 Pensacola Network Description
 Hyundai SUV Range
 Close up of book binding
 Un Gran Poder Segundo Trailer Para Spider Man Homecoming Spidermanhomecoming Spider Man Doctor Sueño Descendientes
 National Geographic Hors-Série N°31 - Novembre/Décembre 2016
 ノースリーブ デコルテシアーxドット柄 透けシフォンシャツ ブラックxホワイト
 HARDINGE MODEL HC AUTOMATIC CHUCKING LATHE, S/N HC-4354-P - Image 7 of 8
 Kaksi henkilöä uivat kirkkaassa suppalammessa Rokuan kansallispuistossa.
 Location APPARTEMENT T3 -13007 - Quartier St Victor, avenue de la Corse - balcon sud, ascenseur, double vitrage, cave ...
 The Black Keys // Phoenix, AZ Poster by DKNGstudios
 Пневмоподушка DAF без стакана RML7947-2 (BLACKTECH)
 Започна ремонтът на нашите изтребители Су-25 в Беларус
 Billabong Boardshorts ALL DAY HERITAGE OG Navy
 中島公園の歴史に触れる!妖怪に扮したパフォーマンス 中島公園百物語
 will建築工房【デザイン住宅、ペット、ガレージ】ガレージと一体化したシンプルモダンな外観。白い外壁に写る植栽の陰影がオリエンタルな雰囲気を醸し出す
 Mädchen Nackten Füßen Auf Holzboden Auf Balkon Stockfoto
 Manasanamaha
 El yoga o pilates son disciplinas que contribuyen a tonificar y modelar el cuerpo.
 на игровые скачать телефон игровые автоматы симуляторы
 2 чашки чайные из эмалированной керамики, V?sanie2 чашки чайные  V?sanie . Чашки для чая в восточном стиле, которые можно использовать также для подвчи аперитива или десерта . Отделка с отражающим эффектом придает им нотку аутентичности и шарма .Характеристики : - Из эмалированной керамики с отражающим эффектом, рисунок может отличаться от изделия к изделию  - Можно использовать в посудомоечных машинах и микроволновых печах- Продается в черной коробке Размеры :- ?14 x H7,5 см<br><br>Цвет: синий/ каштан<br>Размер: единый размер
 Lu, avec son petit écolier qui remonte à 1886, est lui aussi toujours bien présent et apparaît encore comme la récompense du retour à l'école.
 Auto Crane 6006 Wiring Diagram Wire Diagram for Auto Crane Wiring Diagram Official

Task => Above are the entries. Output exactly the lines beginning with the line that has "Close up of book binding" and ending with the line that has "HARDINGE MODEL HC".

Response box =>
 Close up of book binding
 Un Gran Poder Segundo Trailer Para Spider Man Homecoming Spidermanhomecoming Spider Man Doctor Sueño Descendientes
 National Geographic Hors-Série N°31 - Novembre/Décembre 2016
 ノースリーブ デコルテシアーxドット柄 透けシフォンシャツ ブラックxホワイト
 HARDINGE MODEL HC AUTOMATIC CHUCKING LATHE, S/N HC-4354-P - Image 7 of 8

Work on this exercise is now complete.